14. Injunctive Relief.

Customer acknowledges that the remedy at law for any breach by Customer of the provisions of this Agreement will be inadequate and, accordingly, Customer hereby agrees that, in addition to any other remedy Service Provider may have, Service Provider shall be entitled to an injunction, restraining order or other equitable relief to enforce the terms of this Agreement.

15. Miscellaneous.

(a) Entire Agreement. The Agreement (including the exhibits, schedules and documents referred to herein) constitutes the entire agreement among the Parties and supersedes any prior understandings, agreements, or representations by or among the Parties, written or oral, to the extent they have related in any way to the subject matter hereof.

(b) Modification. The Agreement may not be modified or amended except in a writing signed by a duly authorized representative of each Party that expressly states the sections of this Agreement to be modified; no other act, usage, or custom will be deemed to amend or modify this Agreement. Each Party hereby waives any right it may have to claim that this Agreement was subsequently modified other than in accordance with this Section 15(b).

(c) Assignment. Customer may not assign its rights or obligations under this Agreement without Service Provider’s prior written consent.

(d) Third-Party Beneficiaries. This Agreement is an Agreement between the Parties, and confers no rights upon any of Customer’s employees, agents, contractors, or customer, or upon any other person or entity.

(e) Recitals, Schedules, and Documents. Any and all recitals, exhibits, agreements, schedules and documents referenced in this Agreement are incorporated herein through their respective reference and made a part hereof.

(f) Governing Law and Venue. The Agreement shall be governed by and construed in accordance with the domestic laws of the State of California without giving effect to any choice or conflict of law provisions or rule (whether of the State of California or any other jurisdiction) that would cause the application of the laws of any jurisdiction other than the State of California. The state and federal courts located in San Diego County shall have exclusive jurisdiction of all suits and proceedings arising out of or in connection with this Agreement.

(g) No Modification. Any amendment, addendum, or revision to the Agreement shall be valid only if in writing and signed by the Parties to be bound and against whom or in whose favor such amendment operates.

(h) Binding Effect. This Agreement is binding upon and shall inure to the benefit of the Parties hereto and their respective agents, employees, representatives, officers, directors, partners, members, divisions, co-venturers, stockholders, subsidiaries, affiliates, assigns, successors and predecessors in interest, descendents, dependents, family members, blood relatives, heirs, administrators, executors, and related entities.

(i) Severability. If any part of this Agreement is deemed to be invalid in any court of law, the remaining provisions of this Agreement shall remain in full force and effect, and may be enforced in accordance with the provisions hereof.

(j) Waiver.
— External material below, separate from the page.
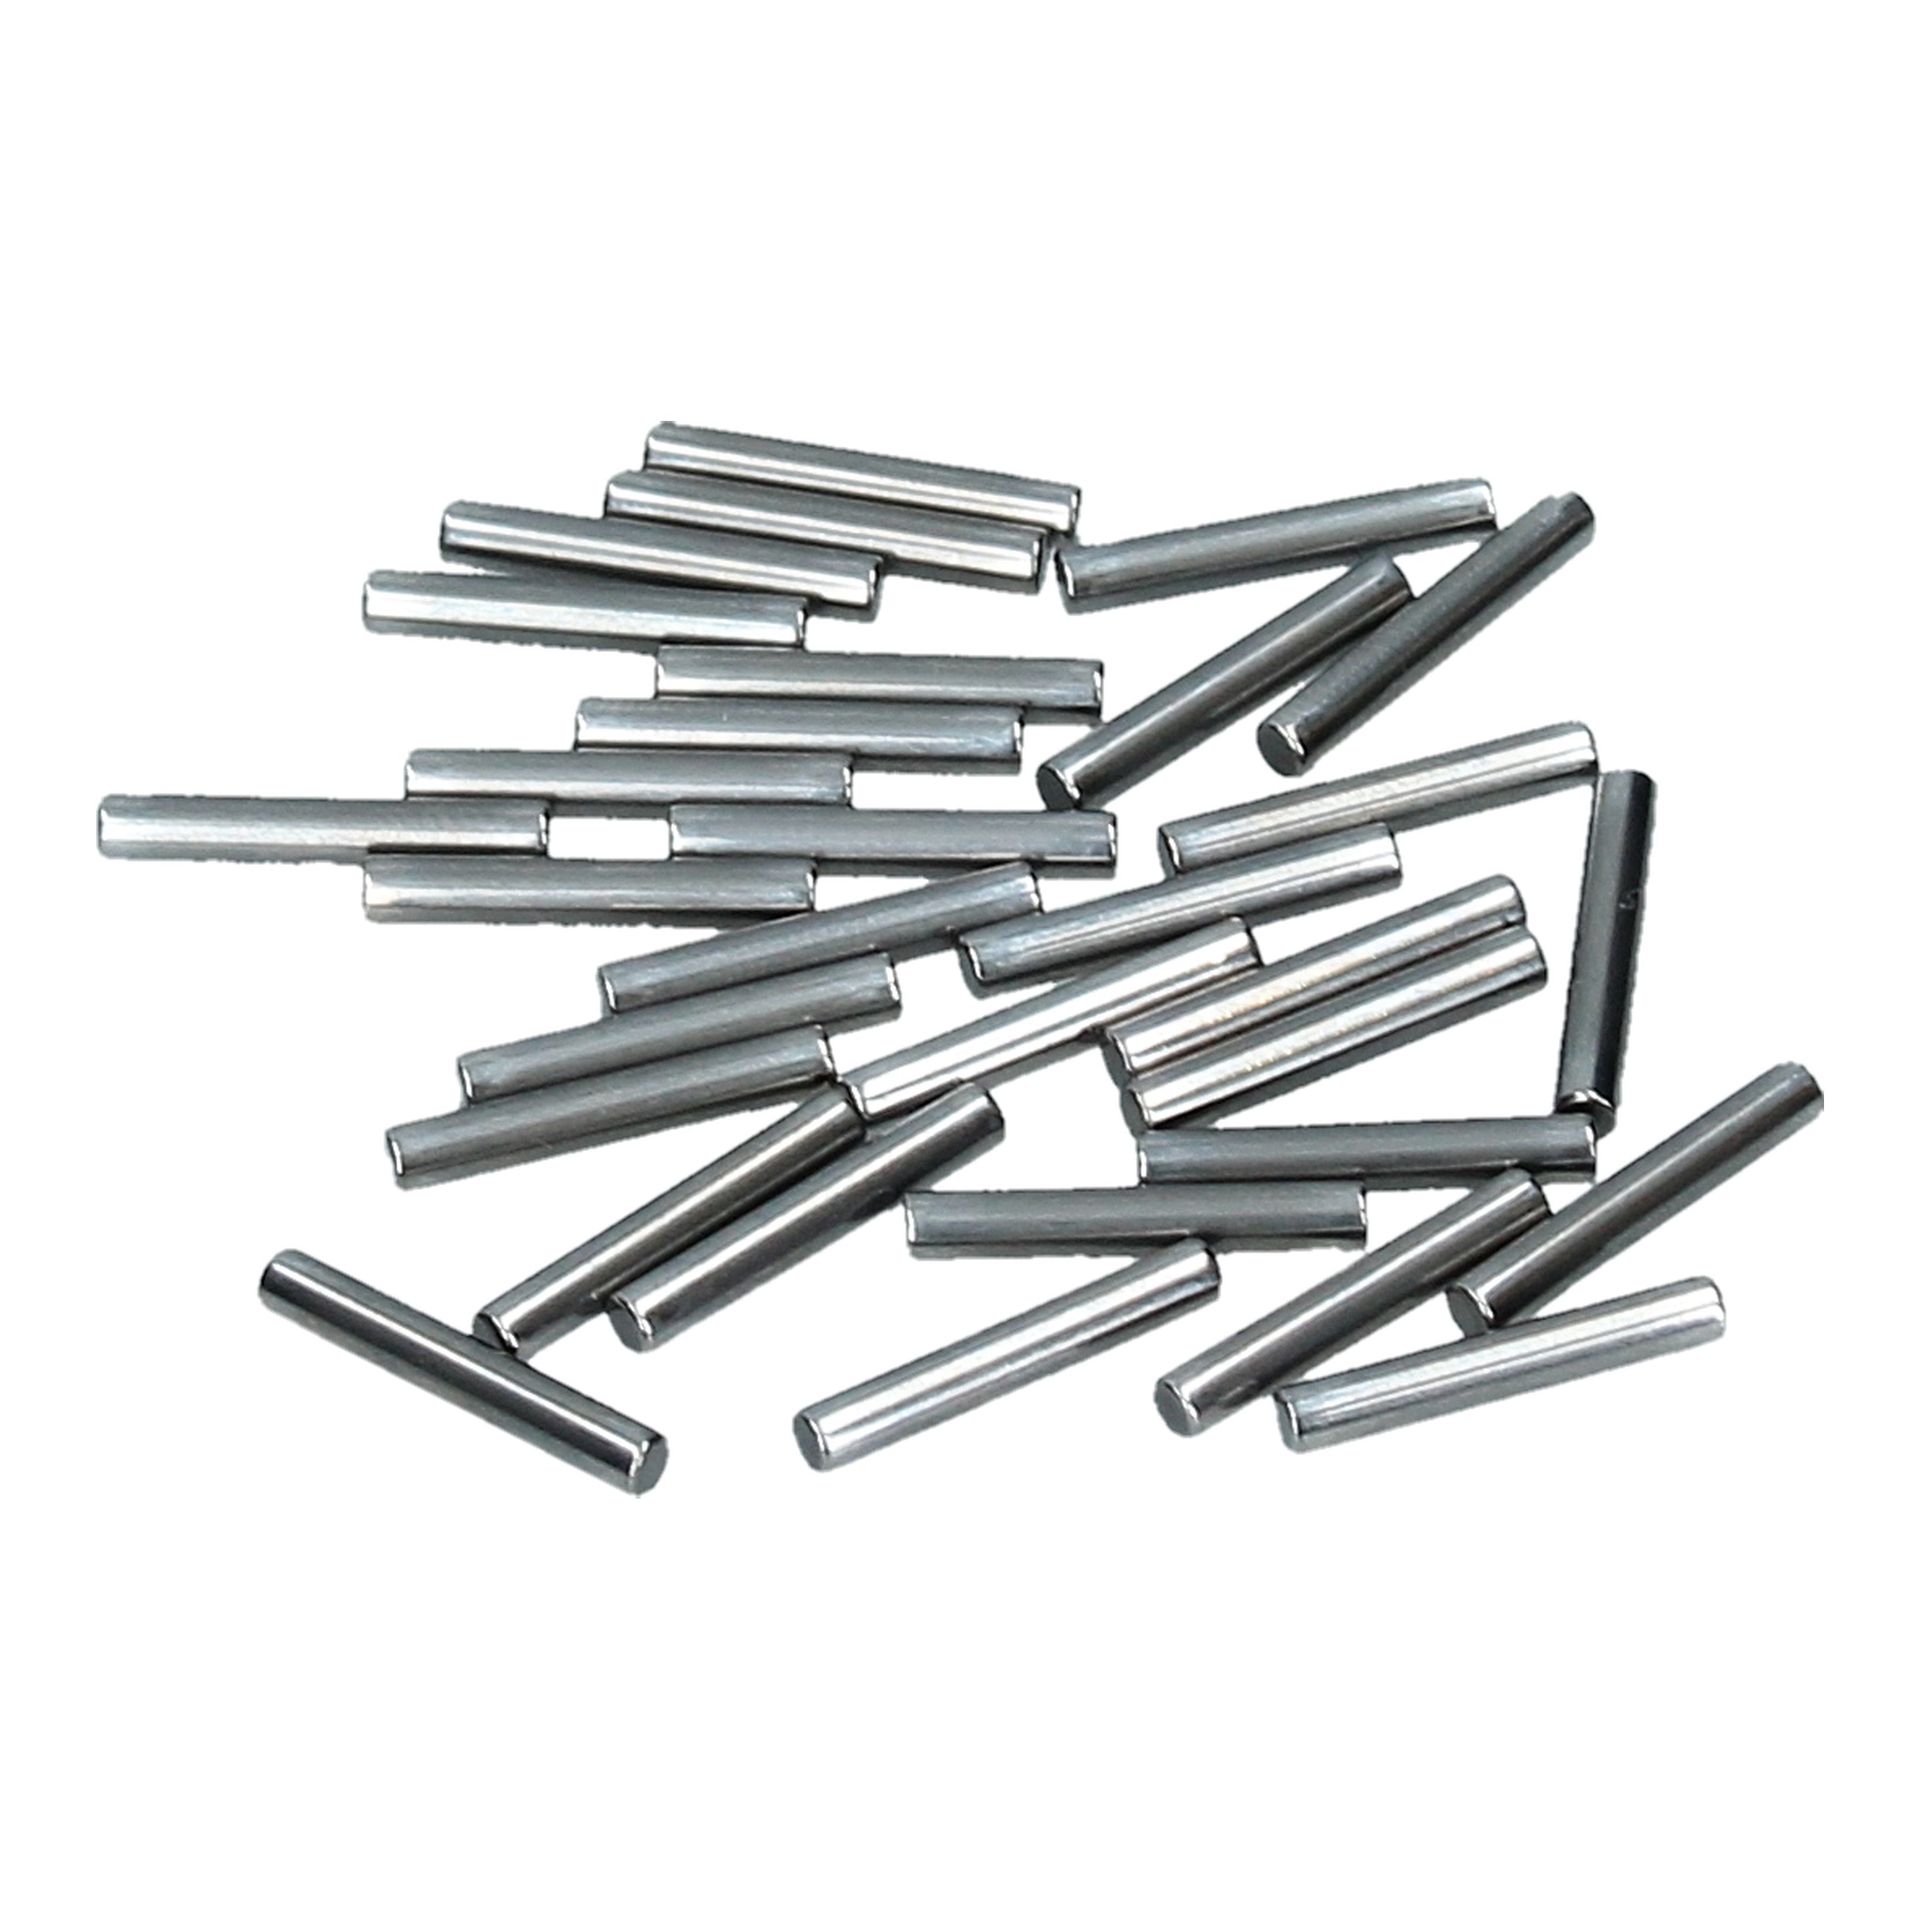 King Pin Needle Rollers

Any Party may waive compliance by another Party with any of the provisions in this Agreement. No waiver of any provision shall be construed as a waiver of any other provision. A waiver shall not be binding unless executed in writing be the Party making the waiver.

(k) Attorney Fees. The Parties agree that in the event any Party hereto shall initiate legal or arbitration proceedings to enforce performance of any term, covenant, or condition of this Agreement, the prevailing Party shall be entitled to recover from the unsuccessful Party its attorneys’ fees and court/arbitration costs incurred in connection with such proceeding.

(l) Purchase Orders. Customer may, for purposes of administrative convenience, use Customer’s standard form of purchase order to order Services. The Parties understand and agree that any terms or conditions on any such purchase order in any way different from or in addition to the terms and conditions of this Agreement will have no effect whatsoever and Service Provider hereby rejects all such terms and conditions.